### [WHAT THE EXERCISE ASKS]
When you reach the line containing "Turquía.- Erdogan dice" in the records below, start copying exactly, and stop once you have copied the line containing "Buy Versace Woman".
== Segment start ==
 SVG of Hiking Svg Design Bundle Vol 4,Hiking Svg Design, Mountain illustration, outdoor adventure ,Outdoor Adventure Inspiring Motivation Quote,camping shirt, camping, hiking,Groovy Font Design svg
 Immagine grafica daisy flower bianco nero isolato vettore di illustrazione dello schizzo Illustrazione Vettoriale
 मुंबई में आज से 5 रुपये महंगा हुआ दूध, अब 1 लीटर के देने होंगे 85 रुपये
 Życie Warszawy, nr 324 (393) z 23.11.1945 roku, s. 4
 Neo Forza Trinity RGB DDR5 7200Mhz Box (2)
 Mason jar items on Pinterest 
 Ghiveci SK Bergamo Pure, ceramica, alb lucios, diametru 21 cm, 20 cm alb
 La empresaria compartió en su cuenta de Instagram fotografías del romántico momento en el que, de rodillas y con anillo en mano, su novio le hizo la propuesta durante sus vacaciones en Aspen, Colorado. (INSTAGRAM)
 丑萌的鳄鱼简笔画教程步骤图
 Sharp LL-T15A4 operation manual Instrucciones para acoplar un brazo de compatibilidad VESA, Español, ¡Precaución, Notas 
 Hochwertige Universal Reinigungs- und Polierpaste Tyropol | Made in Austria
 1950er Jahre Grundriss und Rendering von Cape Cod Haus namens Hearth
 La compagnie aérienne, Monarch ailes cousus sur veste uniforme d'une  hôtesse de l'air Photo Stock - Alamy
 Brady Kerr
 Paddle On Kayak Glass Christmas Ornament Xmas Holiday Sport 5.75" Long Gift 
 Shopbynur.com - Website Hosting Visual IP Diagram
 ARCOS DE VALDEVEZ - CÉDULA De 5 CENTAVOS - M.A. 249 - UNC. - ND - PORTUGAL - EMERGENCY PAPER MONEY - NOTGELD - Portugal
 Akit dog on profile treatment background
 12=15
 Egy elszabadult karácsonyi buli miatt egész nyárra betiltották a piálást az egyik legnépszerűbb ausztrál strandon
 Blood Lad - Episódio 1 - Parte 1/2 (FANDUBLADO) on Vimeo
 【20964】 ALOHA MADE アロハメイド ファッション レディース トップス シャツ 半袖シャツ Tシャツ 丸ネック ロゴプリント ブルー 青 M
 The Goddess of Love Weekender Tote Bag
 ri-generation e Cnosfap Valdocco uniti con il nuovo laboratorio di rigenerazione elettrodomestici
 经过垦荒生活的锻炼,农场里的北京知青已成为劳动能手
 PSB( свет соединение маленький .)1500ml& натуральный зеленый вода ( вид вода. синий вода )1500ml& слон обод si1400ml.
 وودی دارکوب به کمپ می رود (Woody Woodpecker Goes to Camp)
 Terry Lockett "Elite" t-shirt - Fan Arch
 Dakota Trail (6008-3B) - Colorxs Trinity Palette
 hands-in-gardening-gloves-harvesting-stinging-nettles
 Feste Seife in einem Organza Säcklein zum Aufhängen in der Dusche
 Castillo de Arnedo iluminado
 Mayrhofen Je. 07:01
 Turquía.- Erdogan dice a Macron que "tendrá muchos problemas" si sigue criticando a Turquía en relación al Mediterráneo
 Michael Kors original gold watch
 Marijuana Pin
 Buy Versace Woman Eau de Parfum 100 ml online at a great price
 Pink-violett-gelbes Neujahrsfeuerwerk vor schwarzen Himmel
== Segment end ==
### [RESPONSE FOR THIS EXERCISE]
 Turquía.- Erdogan dice a Macron que "tendrá muchos problemas" si sigue criticando a Turquía en relación al Mediterráneo
 Michael Kors original gold watch
 Marijuana Pin
 Buy Versace Woman Eau de Parfum 100 ml online at a great price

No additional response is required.